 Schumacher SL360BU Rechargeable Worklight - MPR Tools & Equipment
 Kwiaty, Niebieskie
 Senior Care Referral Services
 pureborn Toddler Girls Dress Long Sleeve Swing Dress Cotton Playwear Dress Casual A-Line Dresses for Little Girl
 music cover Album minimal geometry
__________
Task brief: Reply with an exact transcription of the material above.

Exercise response:
 Schumacher SL360BU Rechargeable Worklight - MPR Tools & Equipment
 Kwiaty, Niebieskie
 Senior Care Referral Services
 pureborn Toddler Girls Dress Long Sleeve Swing Dress Cotton Playwear Dress Casual A-Line Dresses for Little Girl
 music cover Album minimal geometry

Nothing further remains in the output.